1 Comment

Aside from the fun of peering at the stuff that codes for the parts that make up us, knowing how a chromosome is arranged inside a cell nucleus might tell us a lot about how our genes work. Understanding the structures of genomes might well be what is needed to make sense of the genetics of complex diseases.

So just what does a chromosome look like?
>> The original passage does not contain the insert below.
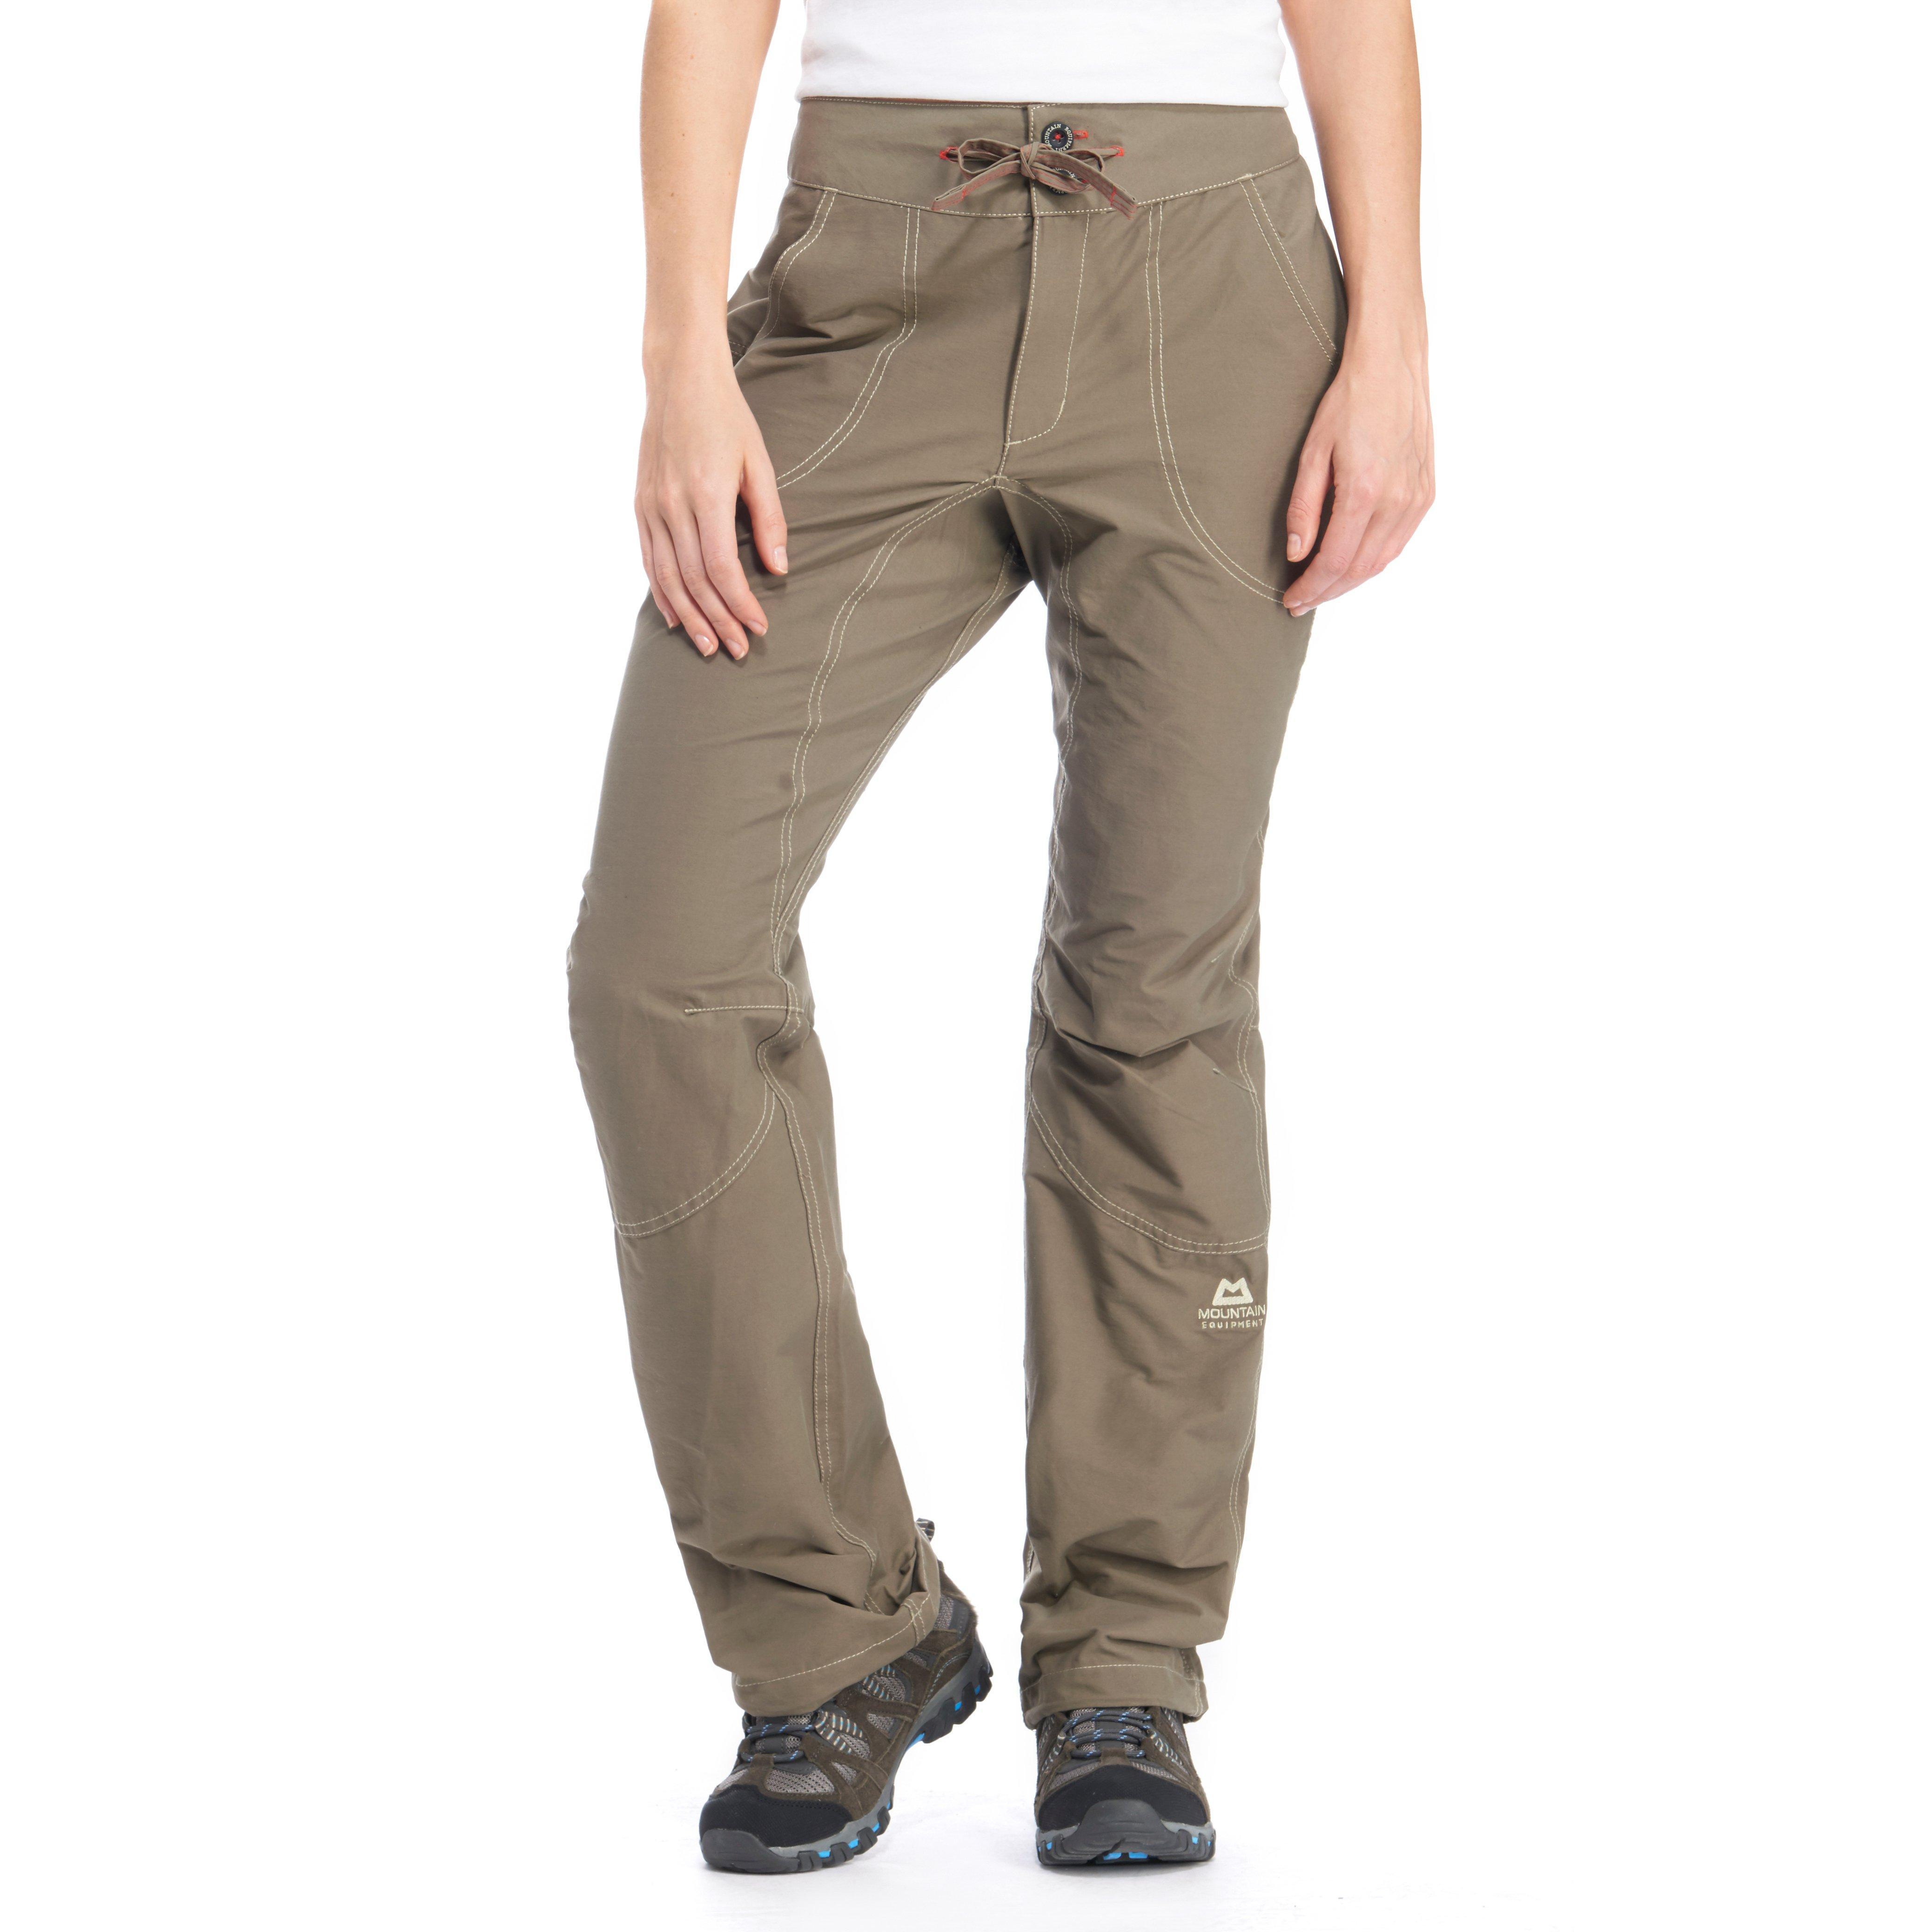 Mountain Equipment Women's Viper Pants, Khaki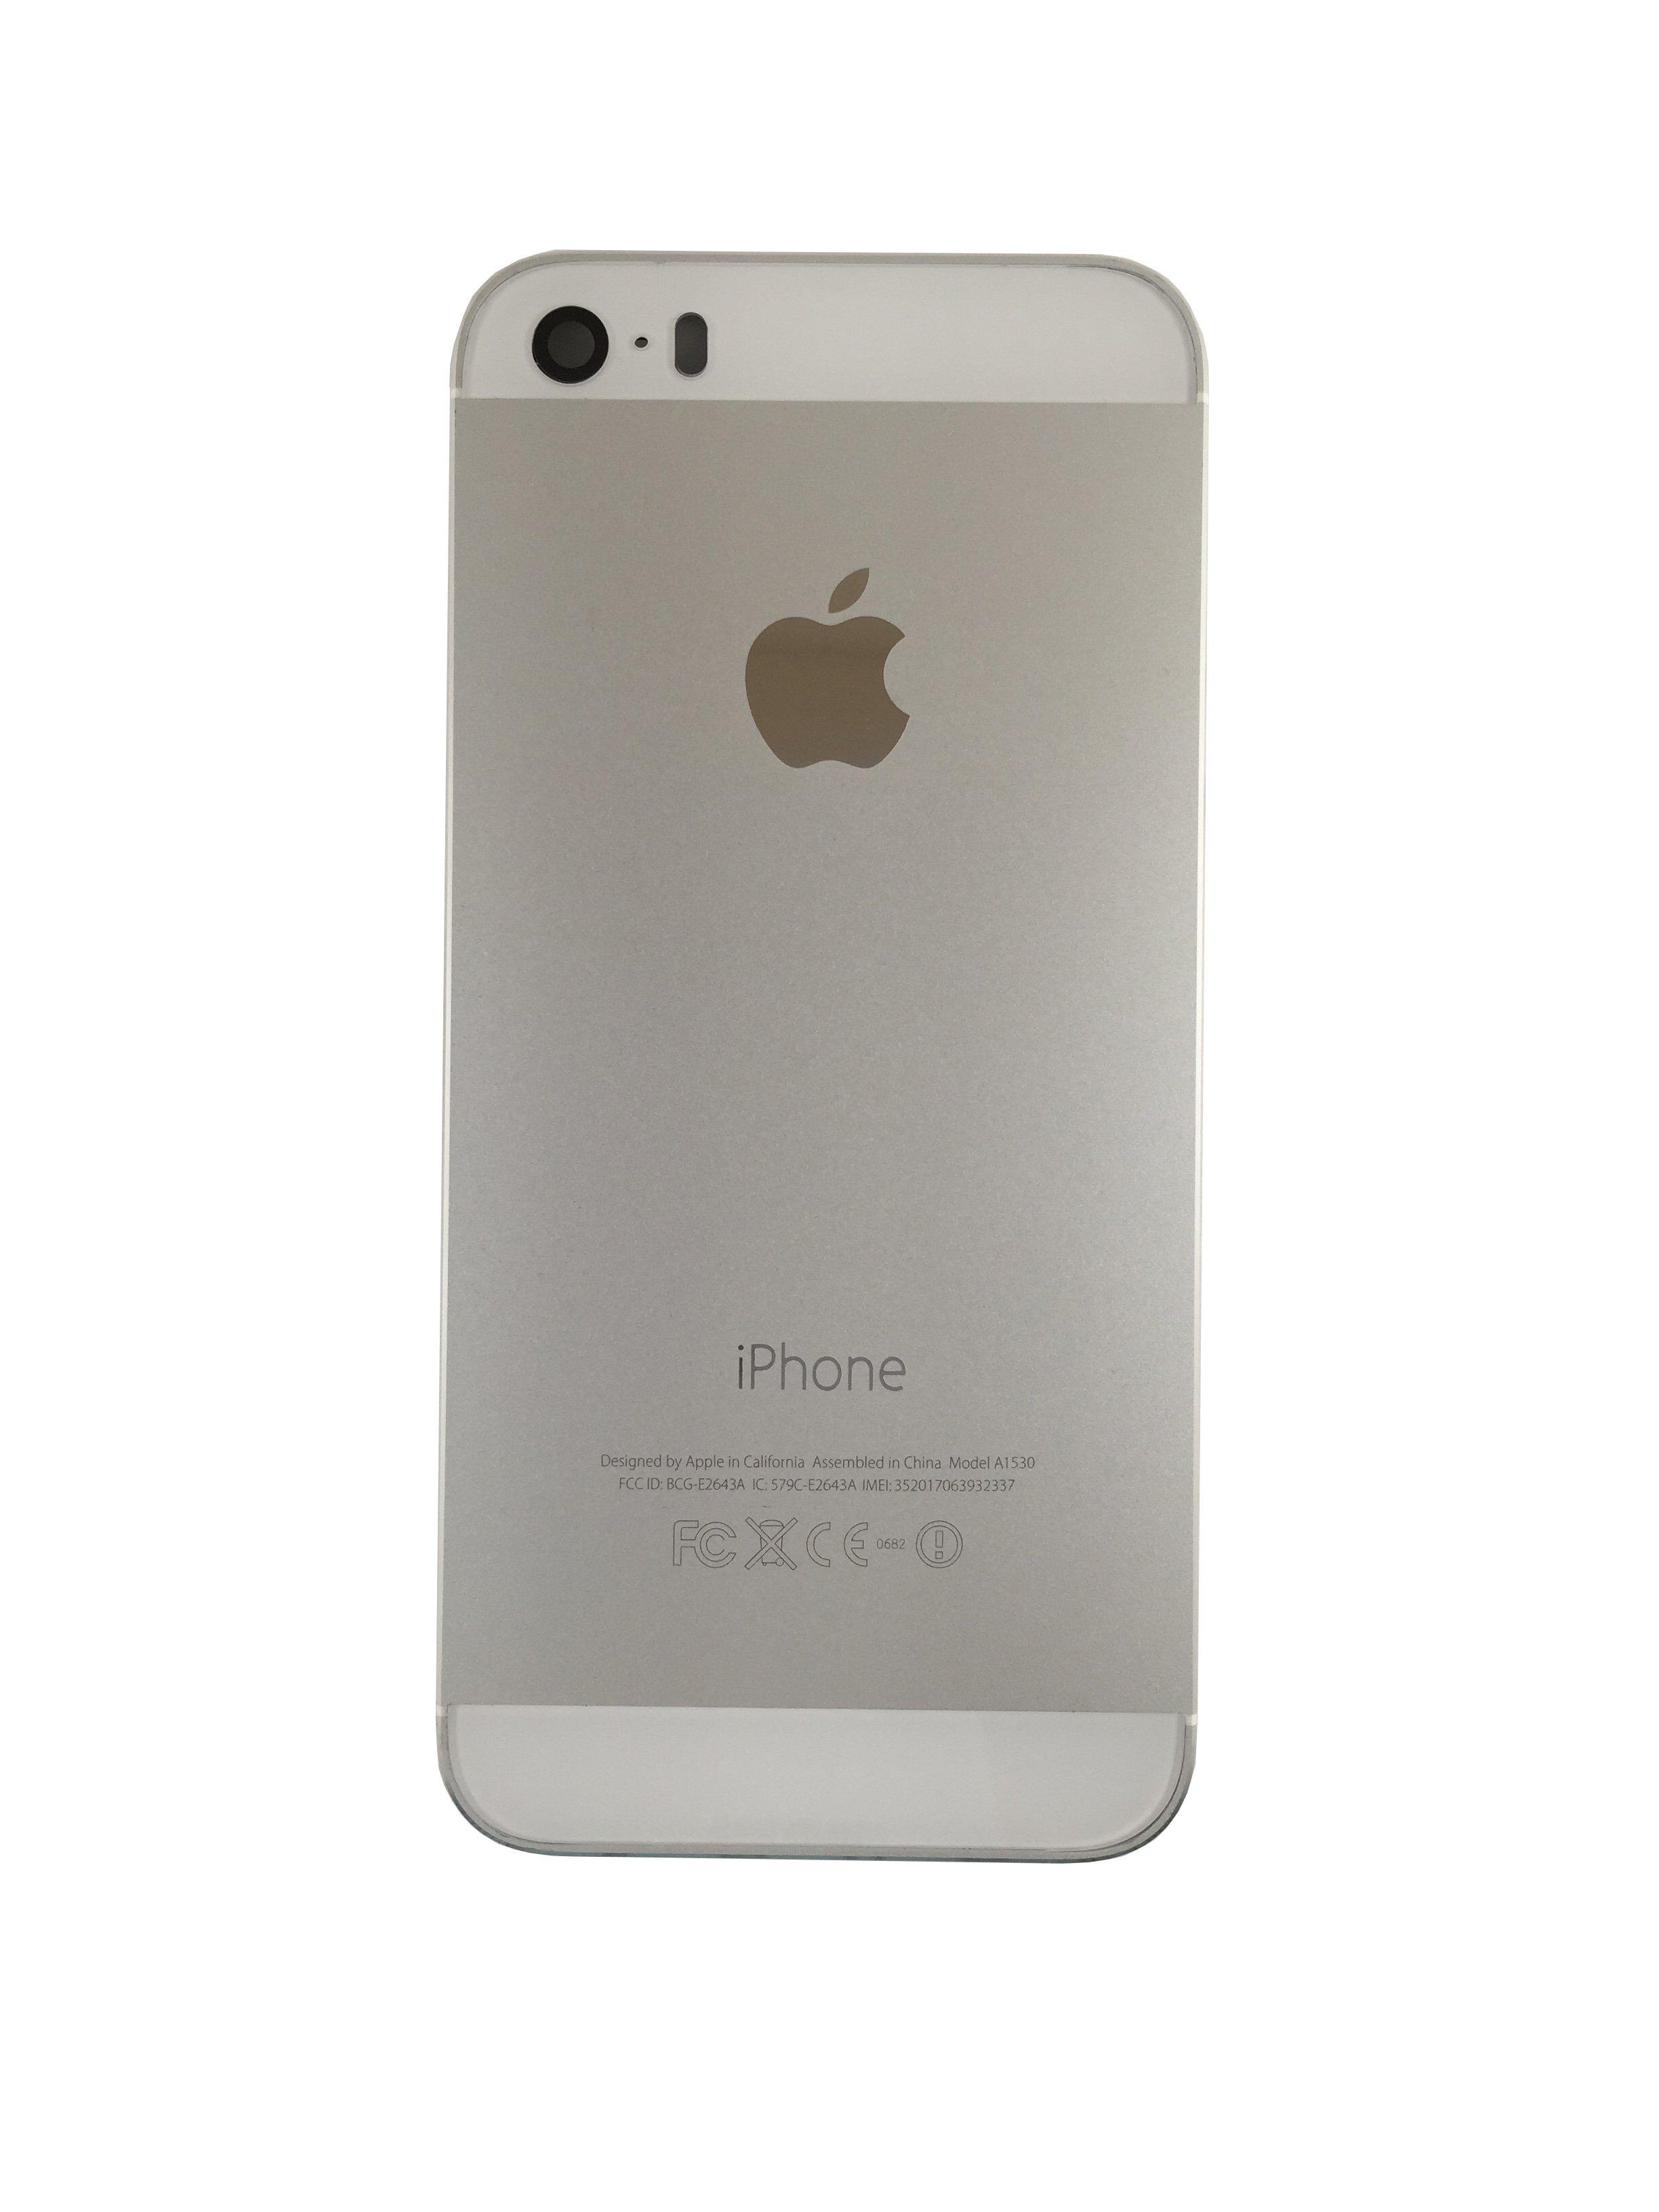 Замена корпуса iPhone 5S (Айфон 5S) недорого Сервисный Центр Apple 3dc09d11e4630

Are our genomes stuffed into the cell nucleus like loose string jammed into a bag or are they arranged in an organised way? Is the arrangement of genes that are being used in the cell different from those that are not being used? Are genes that are controlled in similar ways near each other? Do different chromosomes interact with eachother?

Mitotic chromosomes (via: The Pavellas Perspective)

Mitotic chromosomes (via: The Pavellas Perspective)

You’ll have seen images of chromosomes looking like two rods pinched together in the middle, like in the electron micrograph to the right, or perhaps as part of a karyotype (karyogram or idiogram)- showing the collection of chromosomes in your cell stained to revealed a banding pattern shown below.


Karyotype of person with Down Syndrome - note the extra chromosome 21 (See Footnote 1 for more).

Karyotype of person with Down Syndrome – note the extra chromosome 21 (See Footnote 1 for more).

Karyotypes, like that of a person with Down syndrome below, are typically used to investigate loss of large parts of chromosomes (deletions), or swops of large portions between chromosomes (rearrangements), that can be associated with different diseases or syndromes. Small changes can happen and affect genetics, too, but are too small to be seen this way.

Chromosomes can also change shape, depending on what genes are being used and what stage in the cell’s lifecycle they are in.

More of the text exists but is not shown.